Jean-Christophe Quenon a la trouille et il le dit. Sans détours. Il faut dire qu’il a de quoi. Il a même doublement de quoi : en tant que comédien sur le point de commencer un spectacle sur les sans-abri, et en tant que Patrick Declerck jeune, en pleine préparation de sa première immersion au sein du centre d’accueil de Nanterre. Peu à peu, Jean-Christophe Quenon s’effacera derrière son personnage de psychologue et ethnologue, fondateur de la première consultation d’écoute au sein de Médecins du monde. Mais pas entièrement.

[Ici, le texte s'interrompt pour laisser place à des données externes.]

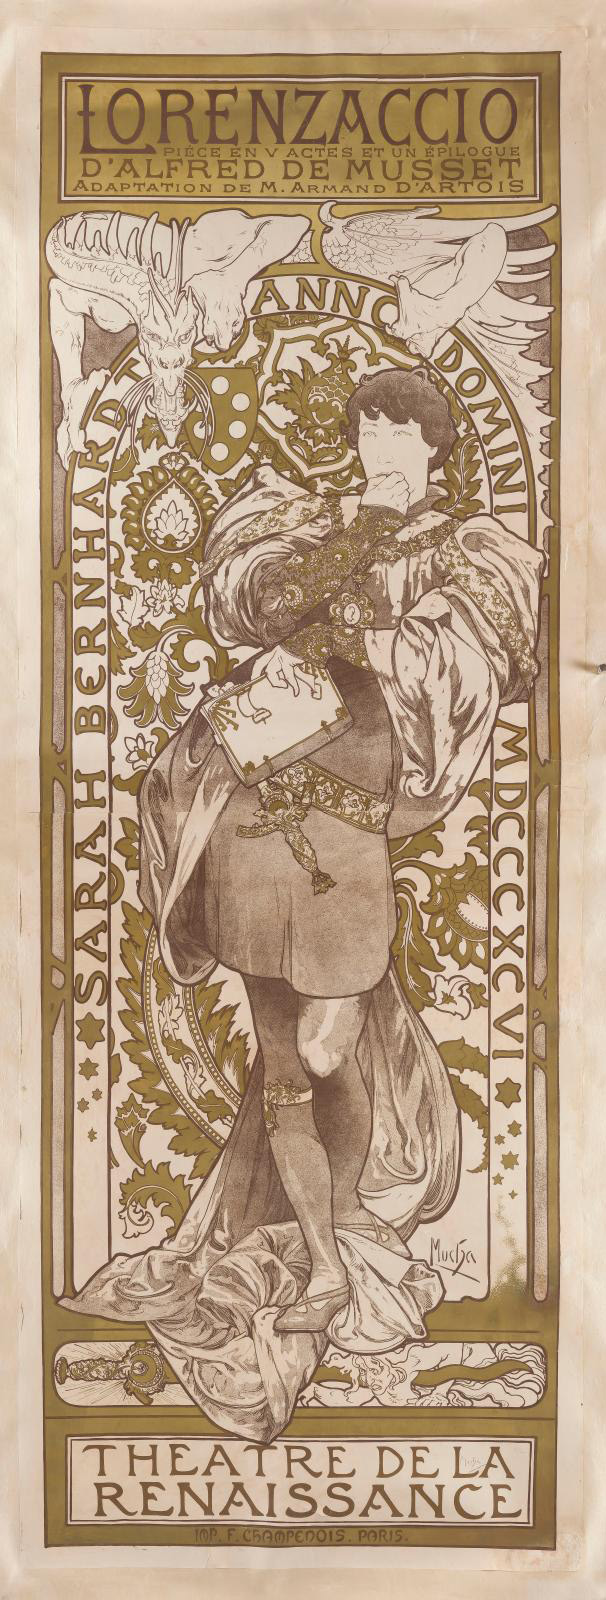 One of the best-known works by Alfons Mucha (1860-1939), his 1896 poster for Alfred de Musset's five-act play Lorenzaccio (207 x 77 cm/81.

Dans On a fort mal dormi, le metteur en scène Guillaume Barbot ne cherche jamais à faire oublier la distance qui sépare le théâtre du milieu décrit par Patrick Declerck dans Les Naufragés (2001) et Le sang nouveau est arrivé (2005). Il parvient d’autant mieux à faire entendre la singularité de ces deux textes et celle des « clochards » ou « fous de l’exclusion ». Ces êtres à qui « le monde est odieux. Non pas ceci ou cela dans le monde, mais le monde lui-même, le monde dans sa structure, le monde dans son être ».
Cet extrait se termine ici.